On February 26, on the third day of Open Source Week, DeepSeek announced the opening of the efficient FP8GEMM library DeepGEMM. DeepSeek's releases in the past three days are all related to algorithms and are more technical.
Chen Ran, founder of the large model ecological community OpenCSG (Open Expression), gave an example to China Business News, "In the past, DeepSeek directly gave a car and told everyone that the car has a range of 900 kilometers, but now DeepSeek is digging deeper to find out how it can drive to 900 kilometers." Why DeepSeek's model can achieve better results, there are some algorithms and corresponding frameworks, and the open source of these "scaffoldings" is conducive to future ecological construction.
Specific to the keywords released this time, GEMM (General Matrix Multiplication) is a basic operation in linear algebra, while FP8GEMM is a calculation operation that uses 8-bit floating point numbers for matrix multiplication. FP8 is a low-precision floating point format suitable for deep learning and high-performance computing. It can reduce memory usage and bandwidth requirements while maintaining high computing efficiency.
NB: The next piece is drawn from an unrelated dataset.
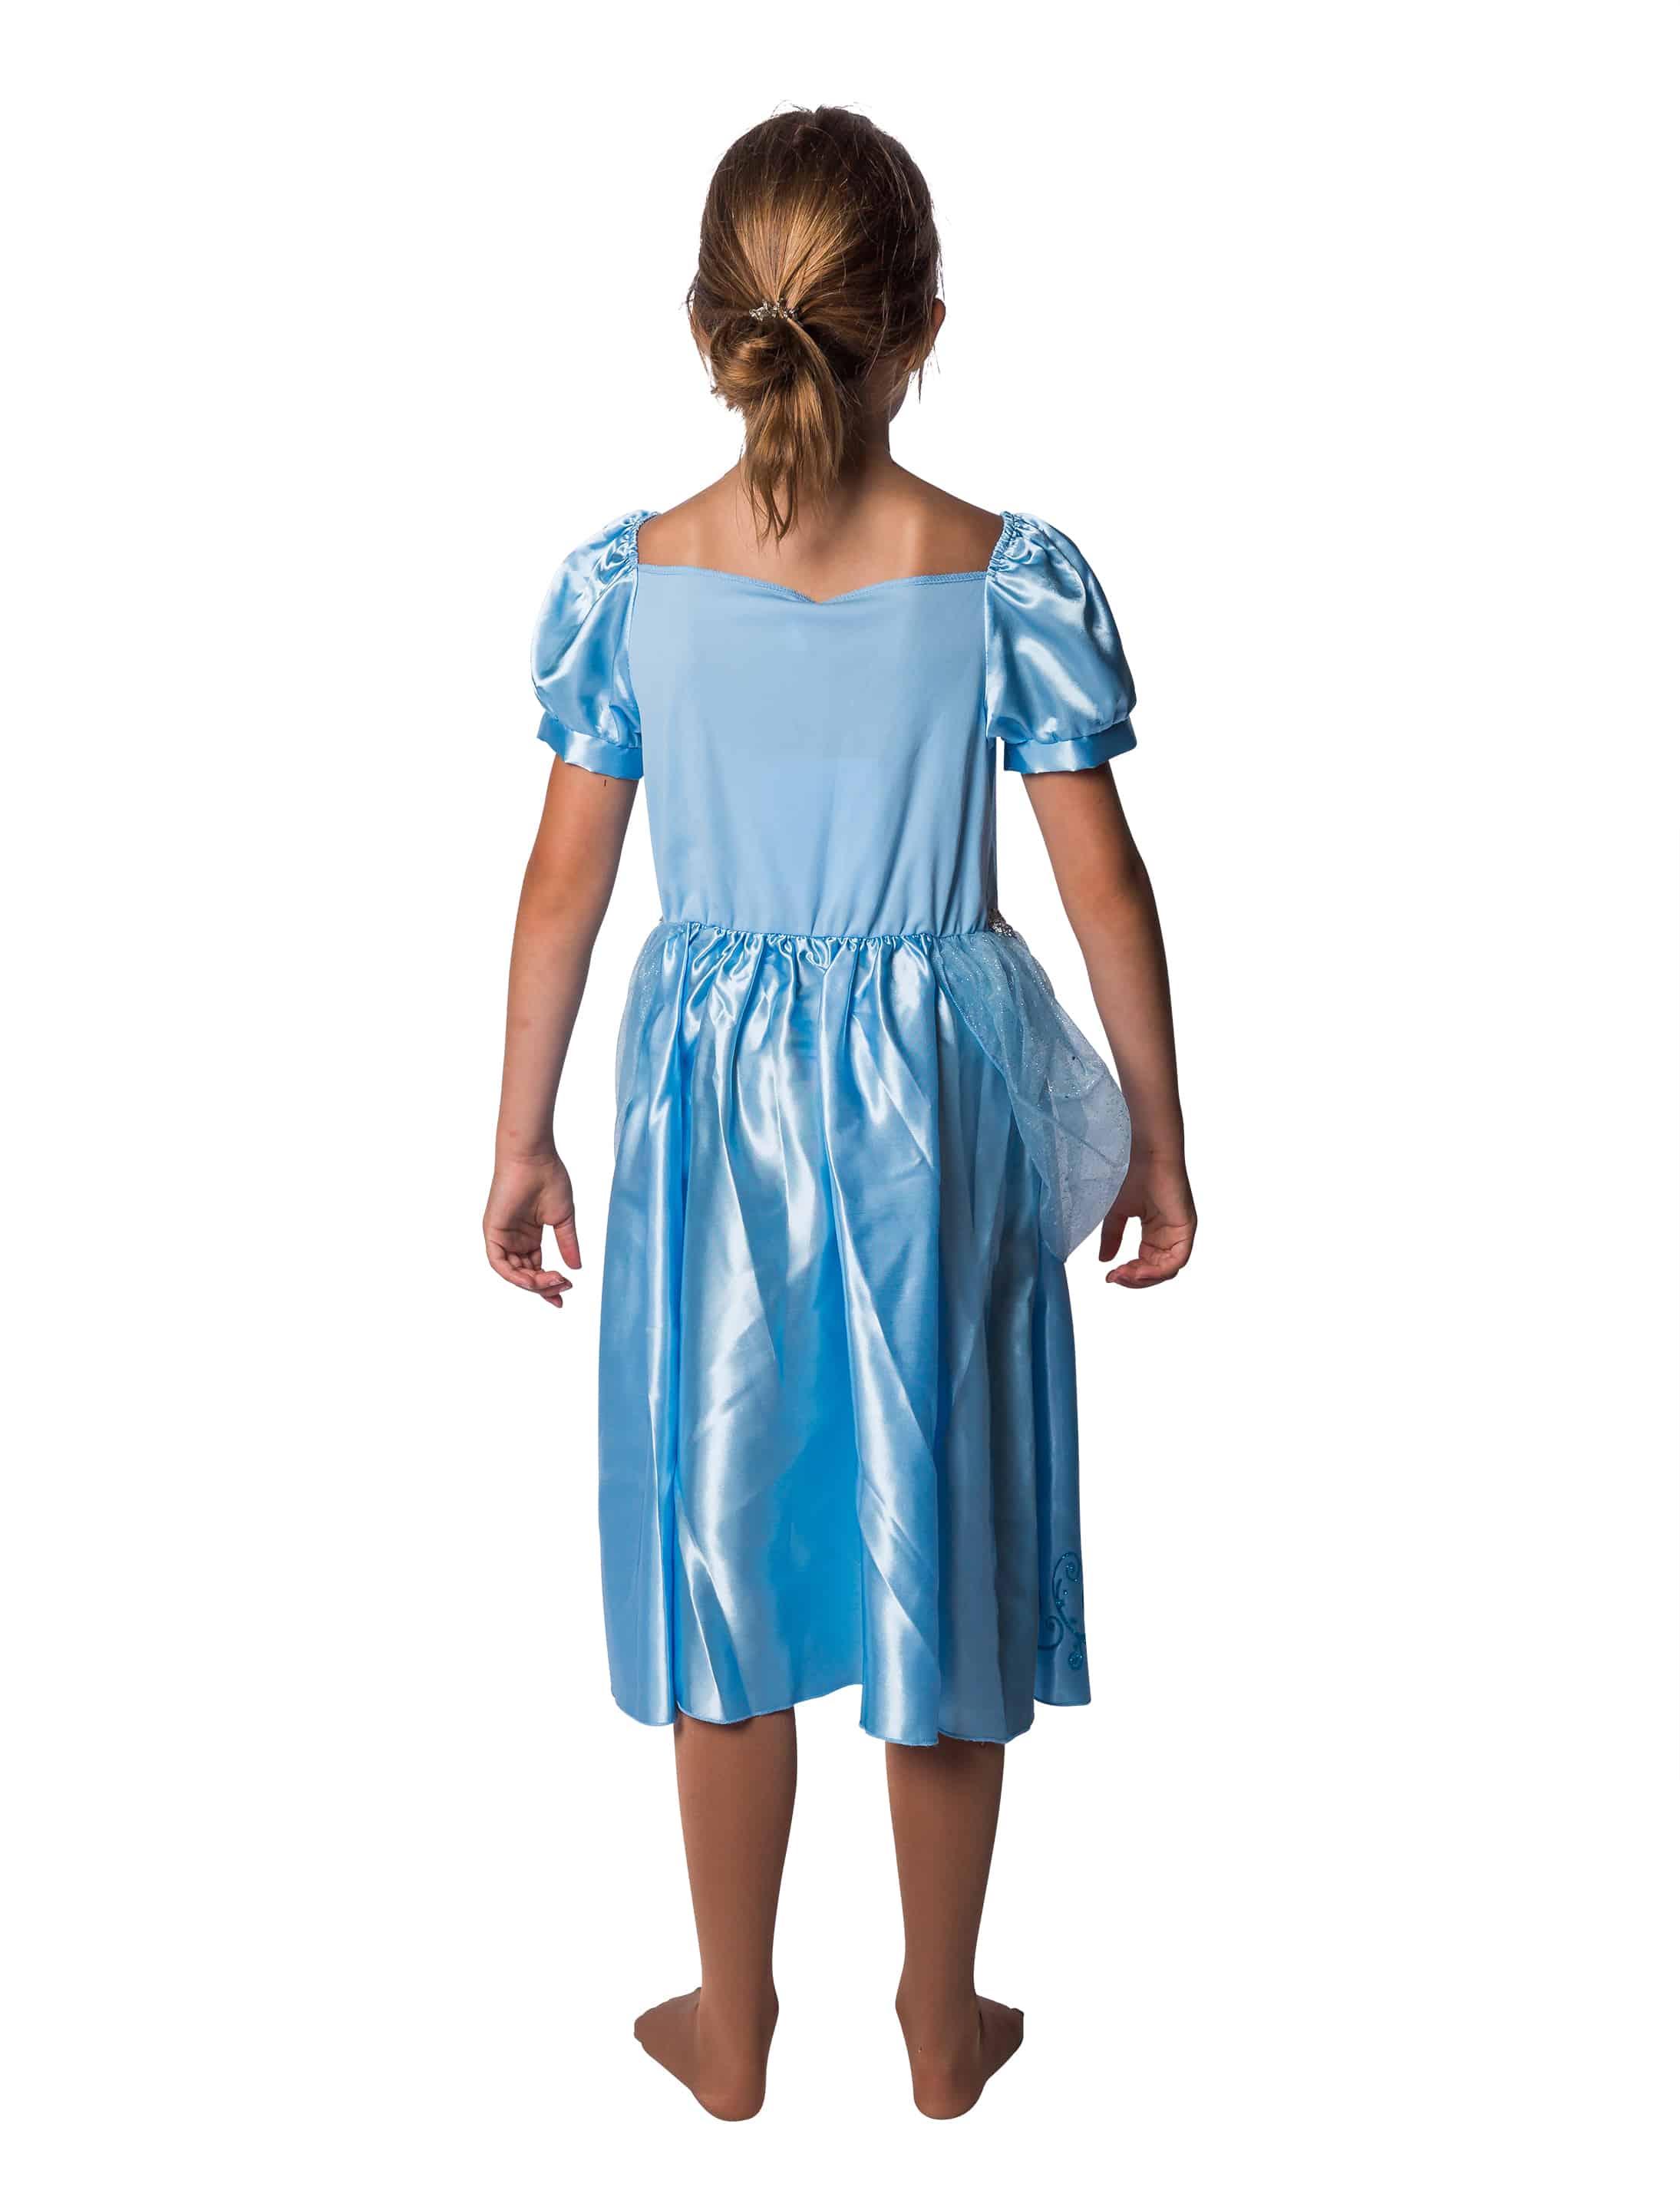 Kleid Prinzessin Kinder hellblau 5-6 Jahre

According to DeepSeek, DeepGEMM supports both traditional dense models and GEMM operations of MoE (Mixed Expert) models. This code provides efficient training and inference support for V3/R1 series hardware based on NVIDIA Hopper architecture (such as H100GPU).
DeepSeek mentioned that based on this code base, the performance of 1350+FP8TFLOPS (floating point operations per second) can be achieved on the NVIDIA Hopper architecture GPU, making full use of computing power. At the same time, the code base design is very simple, with only one core kernel function and a code size of about 300 lines, but it outperforms expert-tuned kernels on most matrix sizes.
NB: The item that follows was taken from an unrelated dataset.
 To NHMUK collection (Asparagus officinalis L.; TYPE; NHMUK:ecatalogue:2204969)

What is the impact of open source DeepGEMM? The reporter asked this question to DeepSeek, which responded that DeepGEMM solved the pain points of large model computing efficiency and resource consumption through FP8 and hardware-level optimization, and especially provided key support for the implementation of the MoE model. Its open source behavior not only accelerates the democratization of technology, but also may become the "infrastructure" of the AI computing ecosystem and promote the development of the industry in a more efficient and low-cost direction.
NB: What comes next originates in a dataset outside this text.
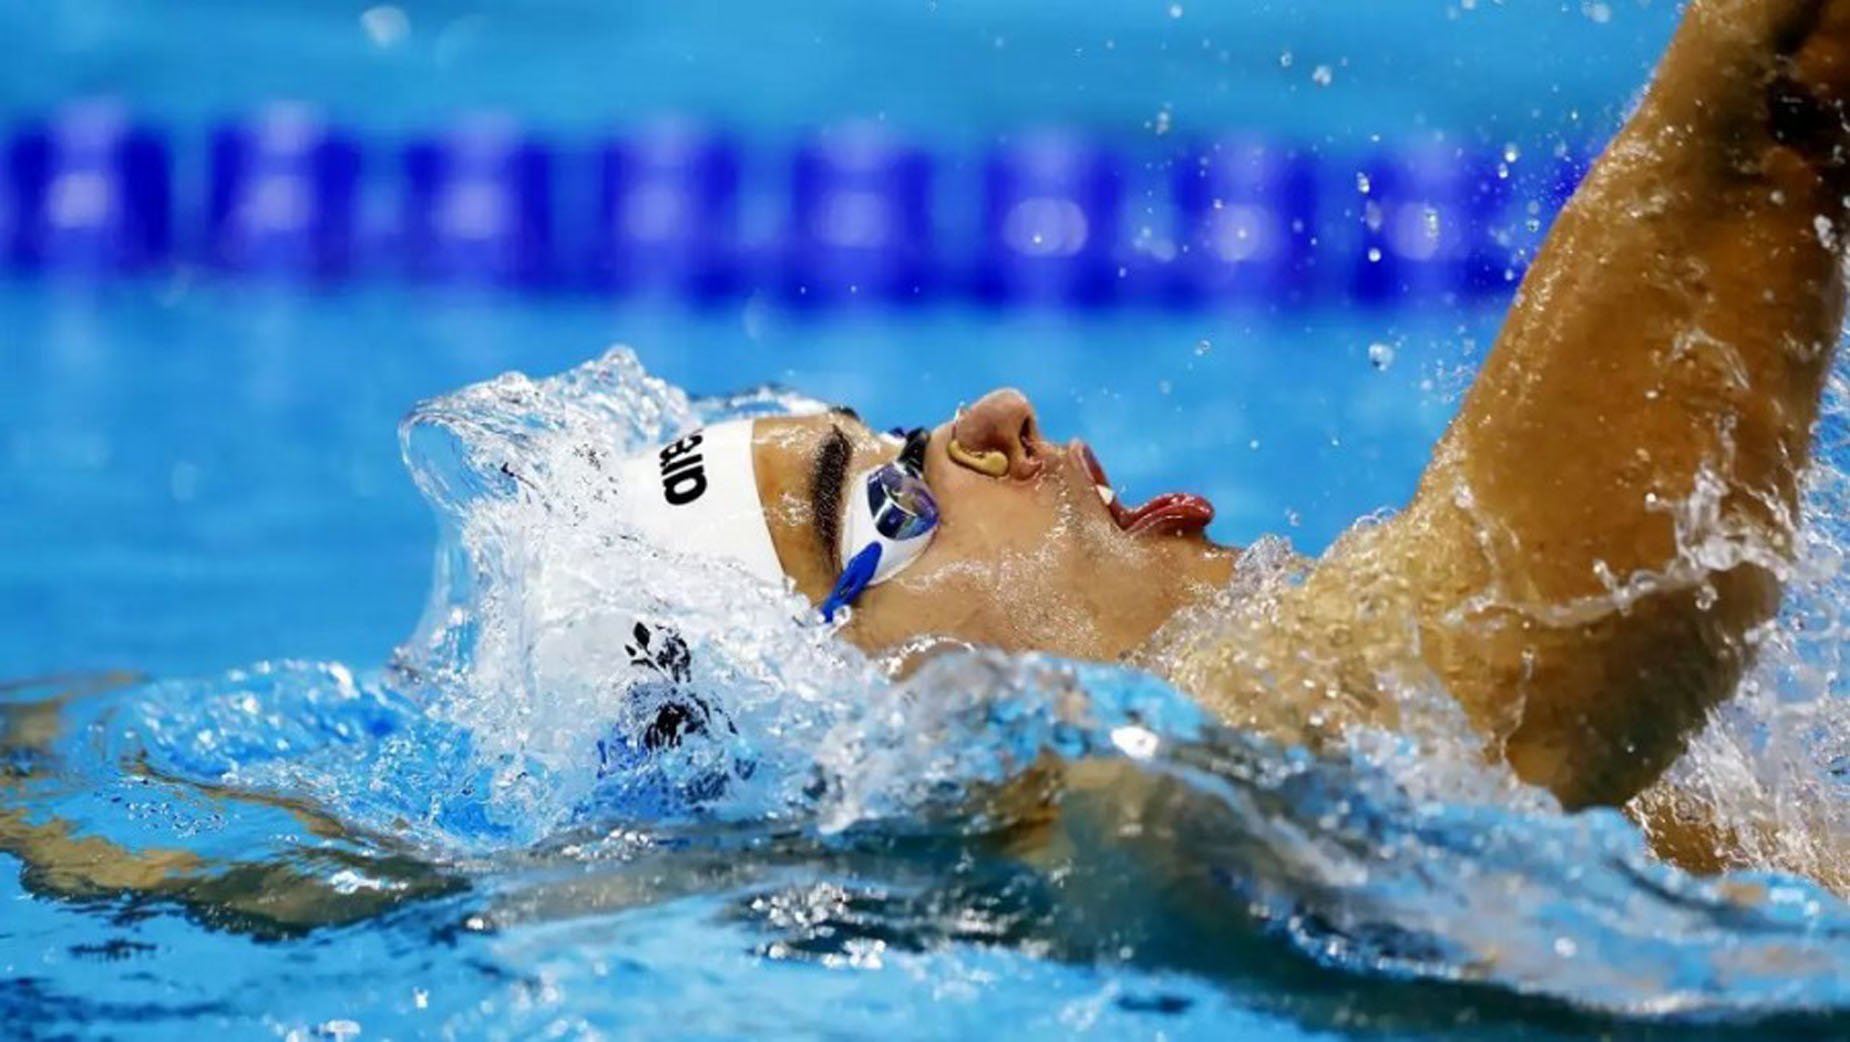 Κολύμβηση: Ο Απόστολος Χρήστου κατέκτησε το ασημένιο μετάλλιο στα 100μ. ύπτιο

FP8 is an emerging standard for AI computing. Its high efficiency can accelerate the training of hundreds of billions of parameter models and reduce video memory requirements. When deployed on edge devices or in the cloud, FP8's low-precision calculations can significantly improve throughput and reduce costs. Therefore, open source DeepGEMM can promote the popularization of FP8 ecology, lower the threshold for developers to use, promote more frameworks and models to adapt to FP8, and accelerate the industry's migration to low-precision computing.
In addition, MoE models are difficult to implement due to computational complexity. The open source of DeepGEMM provides an efficient implementation reference, which may lead to more MoE applications (such as multi-modal models, edge-side efficient models).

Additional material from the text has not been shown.